▶ Task to carry out
Copy each line below as written, but skip the pictures.

▶ Data section

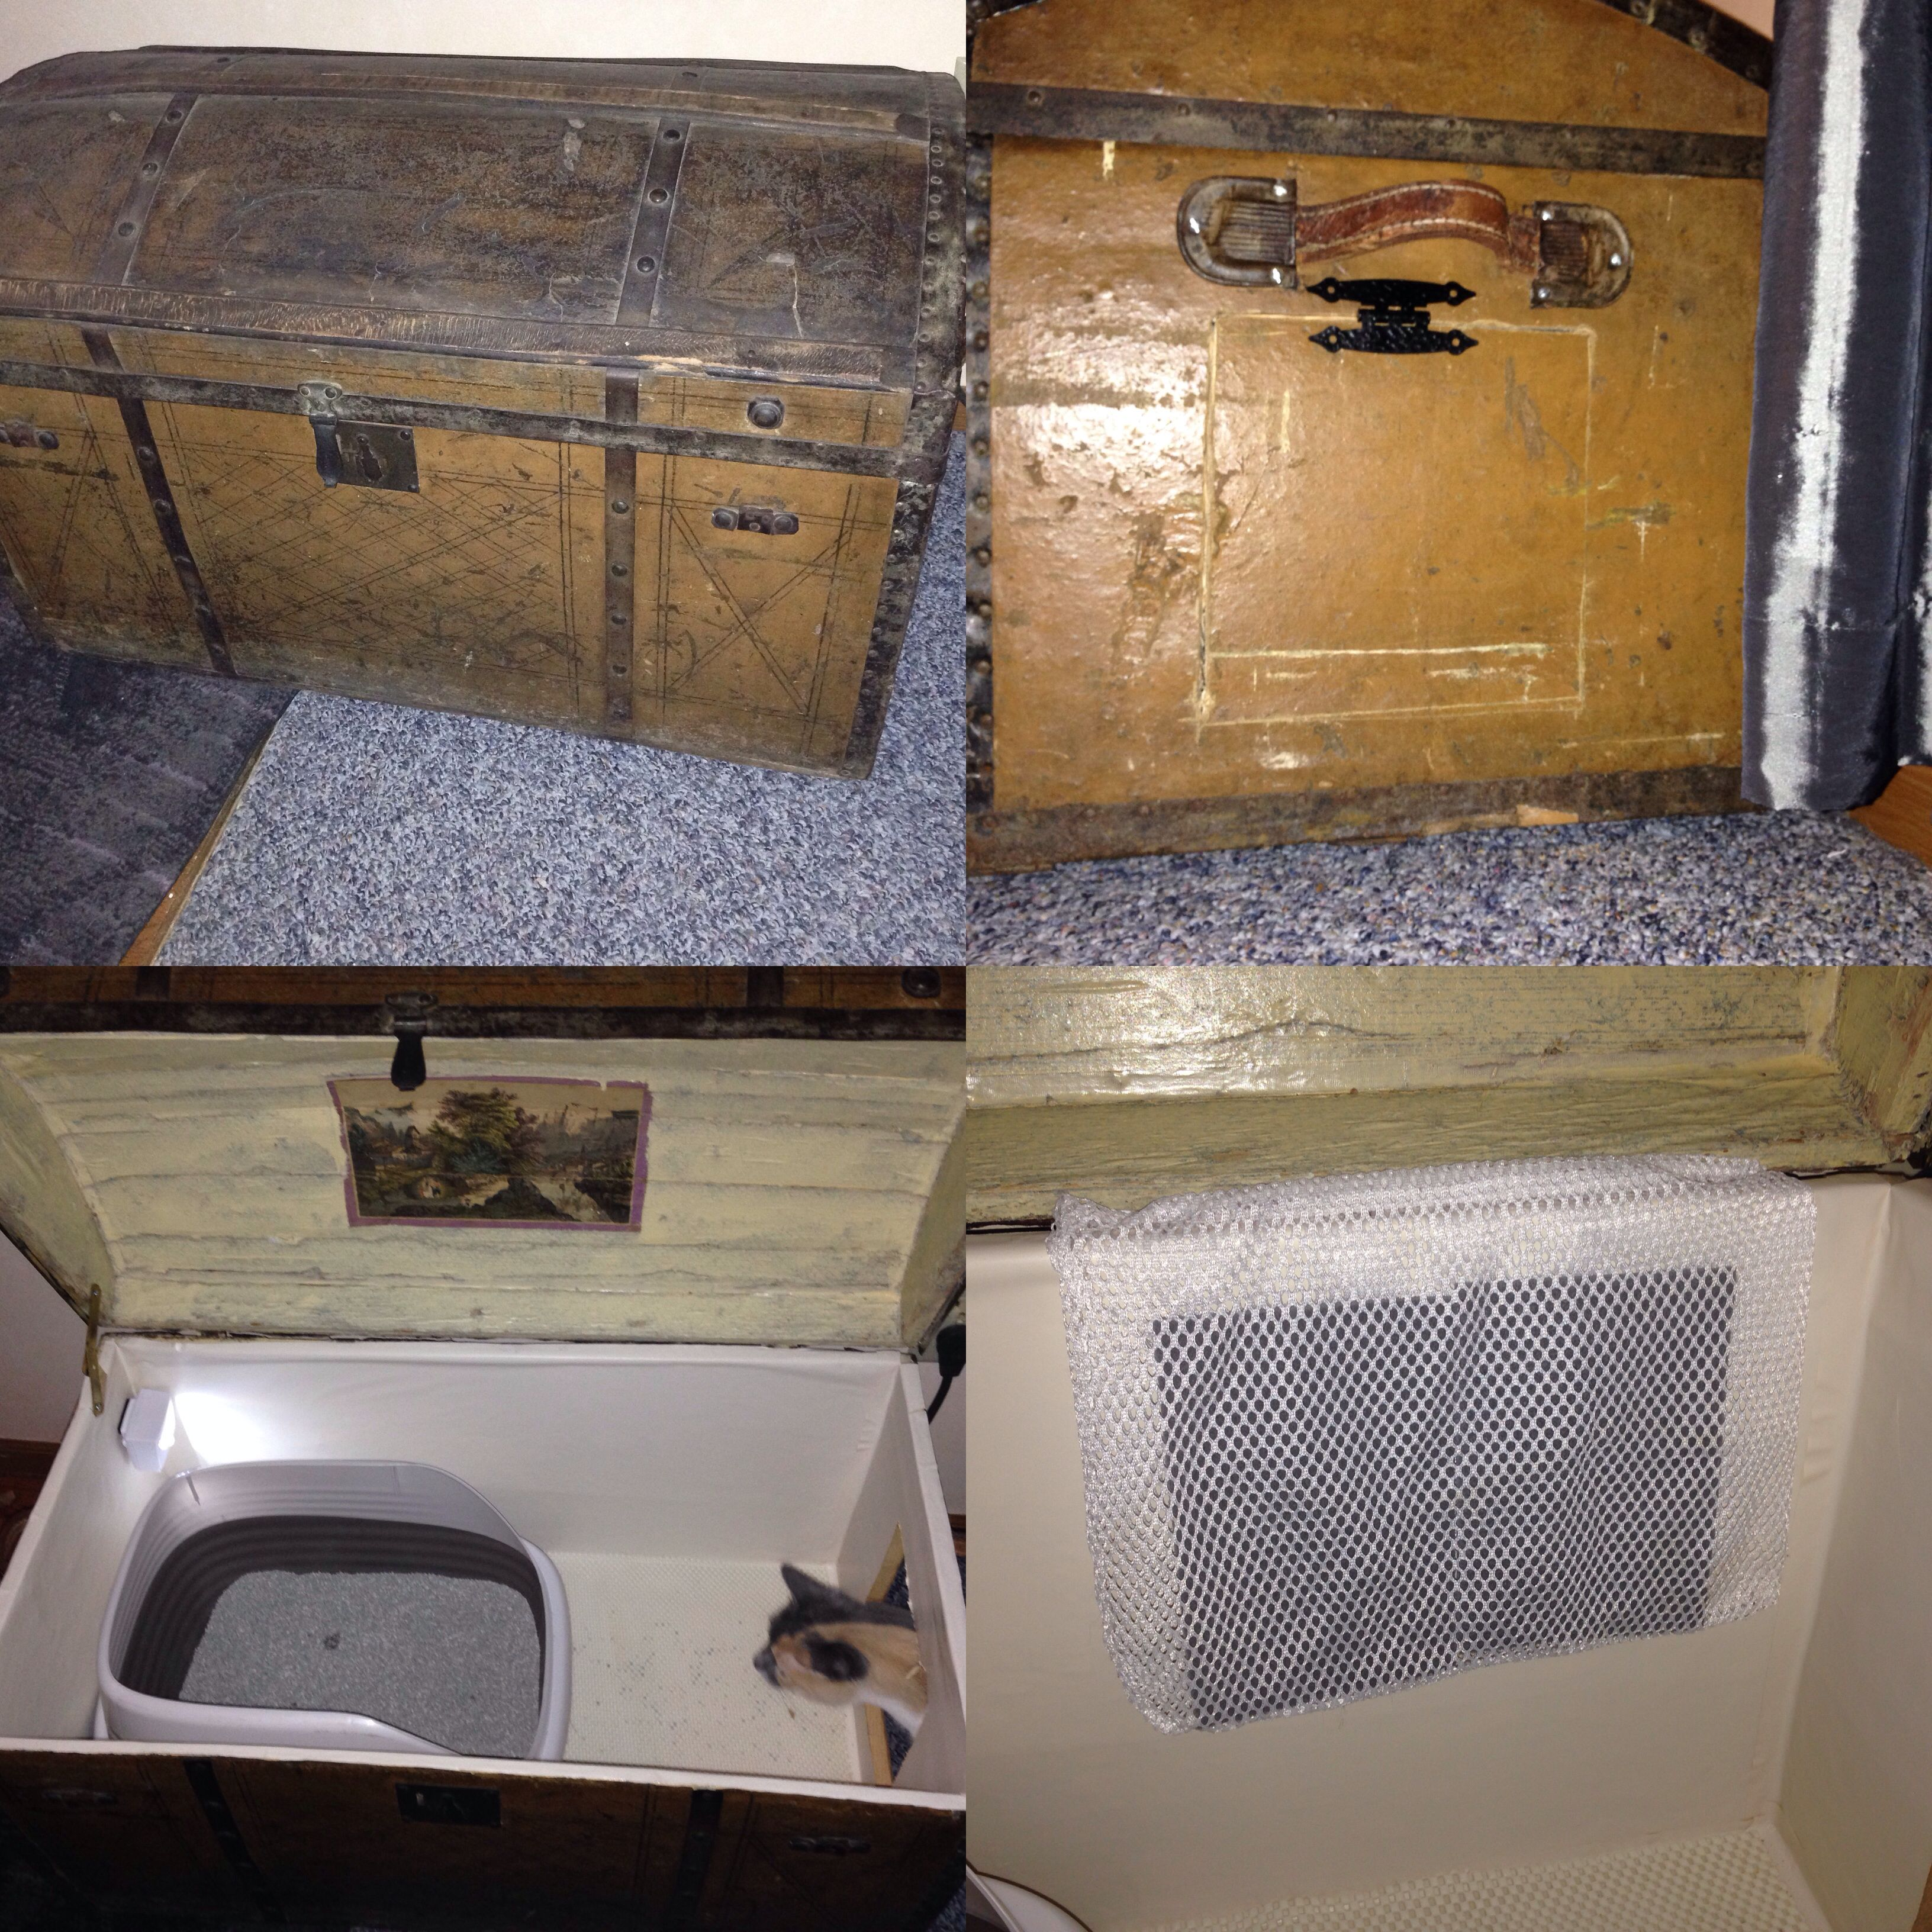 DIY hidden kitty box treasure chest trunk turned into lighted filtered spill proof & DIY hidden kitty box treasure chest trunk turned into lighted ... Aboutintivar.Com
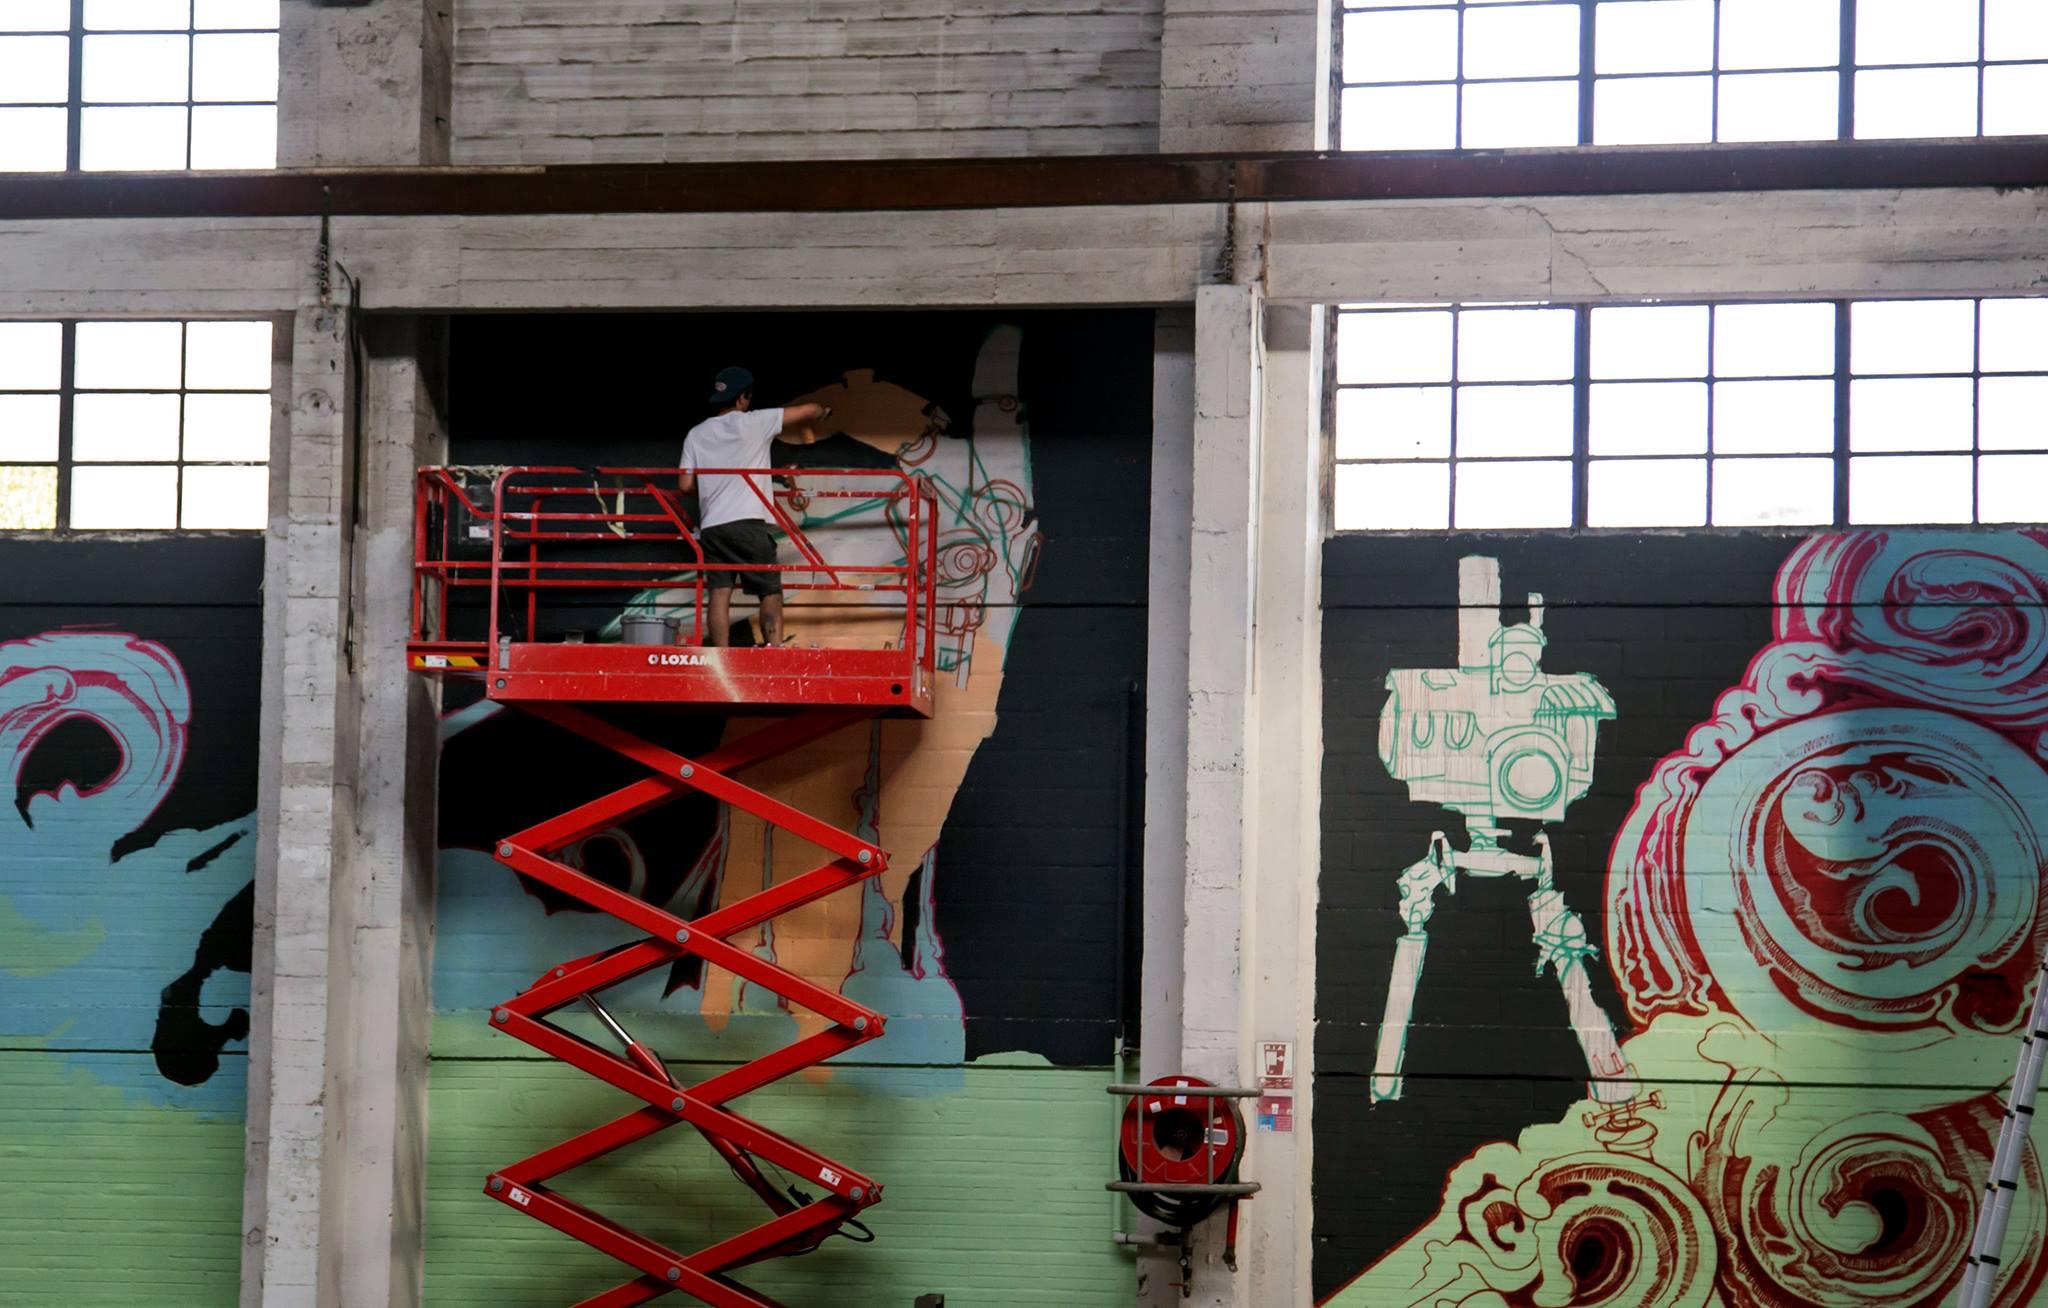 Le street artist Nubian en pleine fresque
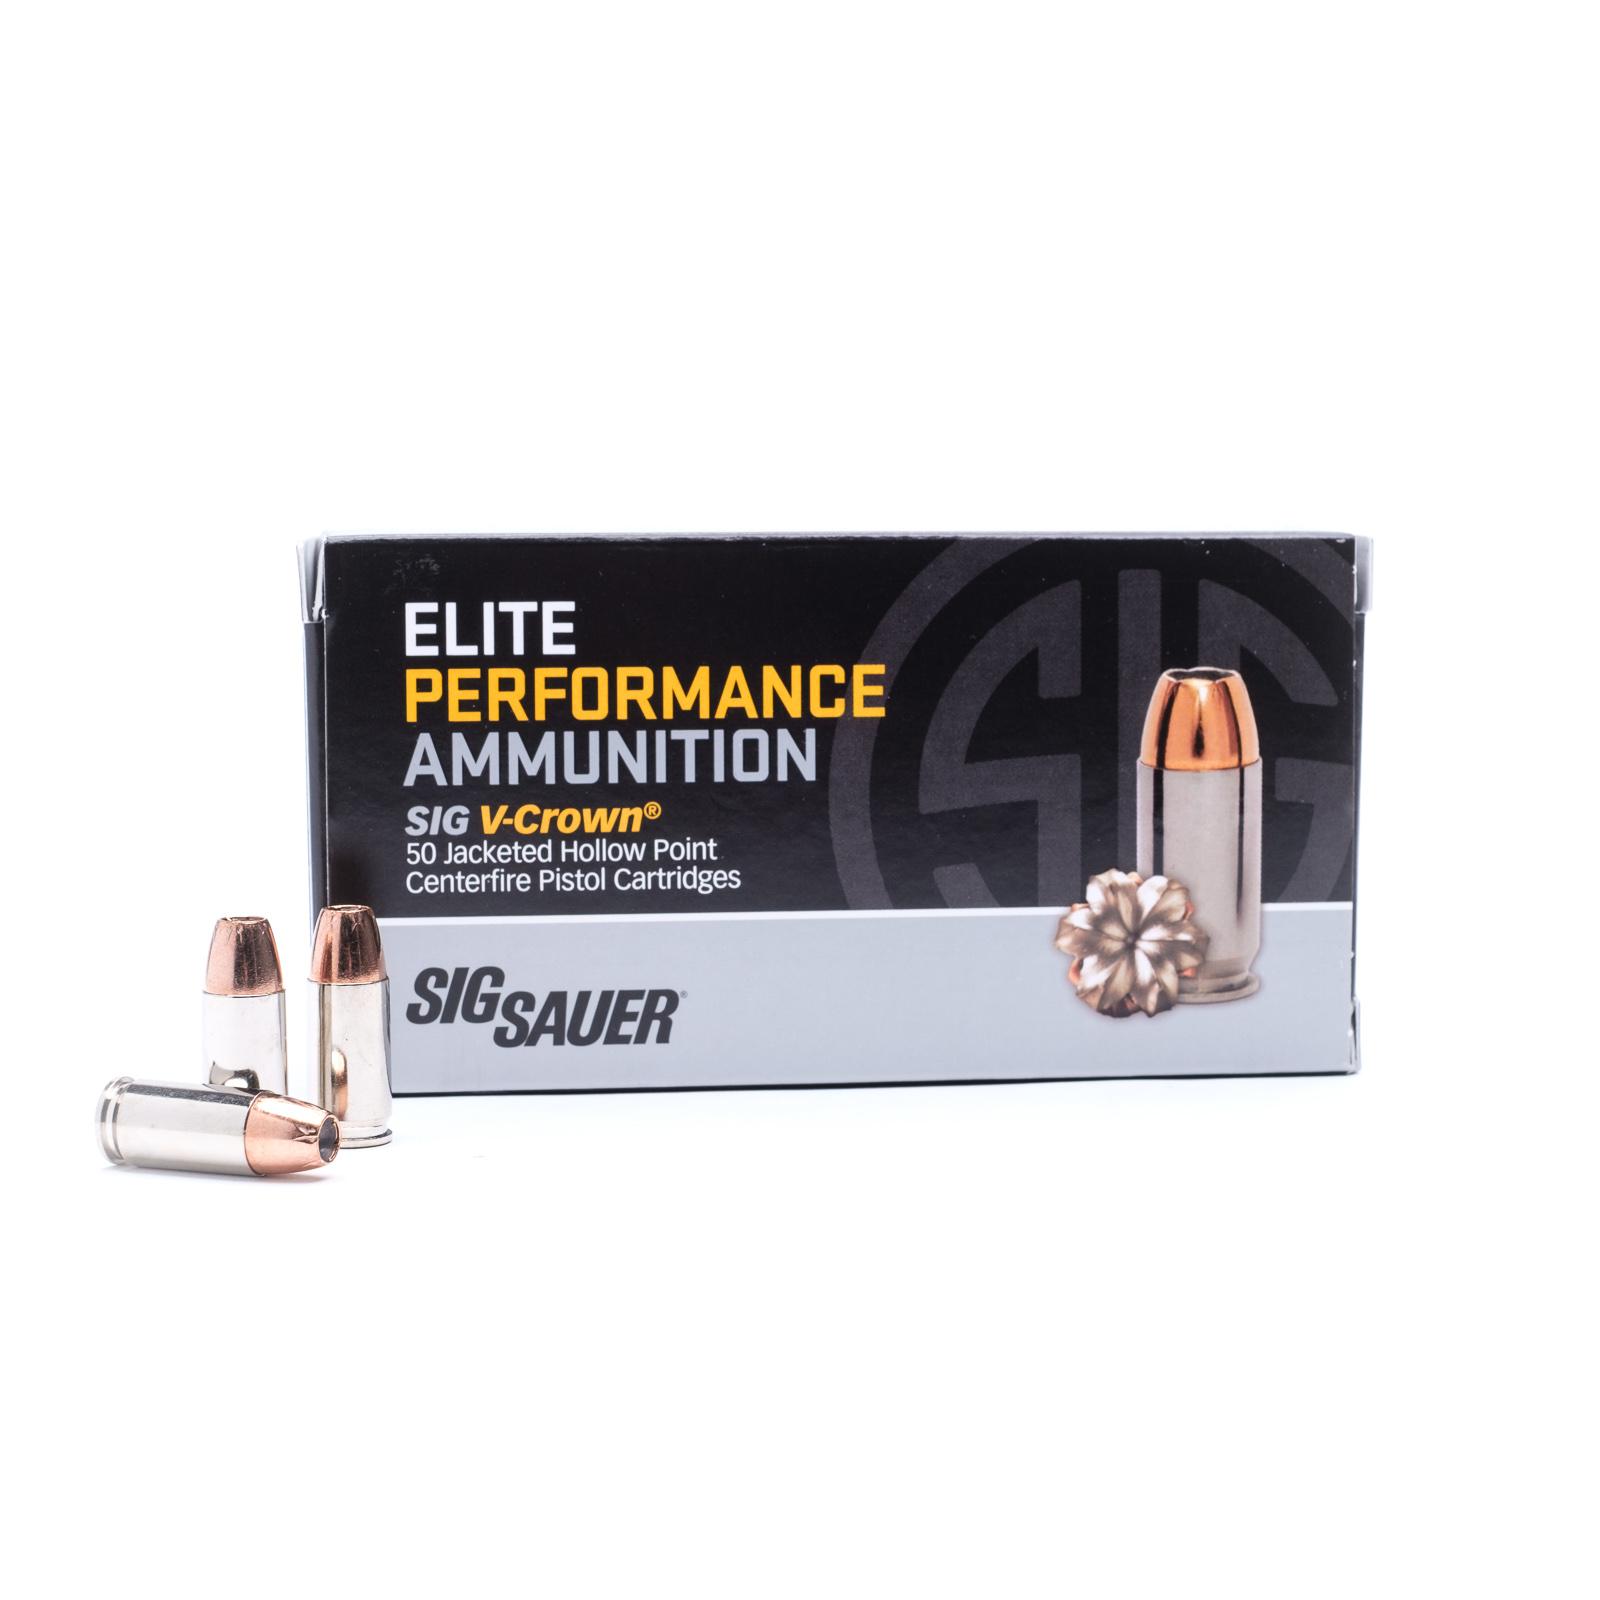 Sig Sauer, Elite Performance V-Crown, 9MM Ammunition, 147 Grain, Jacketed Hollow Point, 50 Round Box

▶ Problem solution
 DIY hidden kitty box treasure chest trunk turned into lighted filtered spill proof & DIY hidden kitty box treasure chest trunk turned into lighted ... Aboutintivar.Com
 Le street artist Nubian en pleine fresque
 Sig Sauer, Elite Performance V-Crown, 9MM Ammunition, 147 Grain, Jacketed Hollow Point, 50 Round Box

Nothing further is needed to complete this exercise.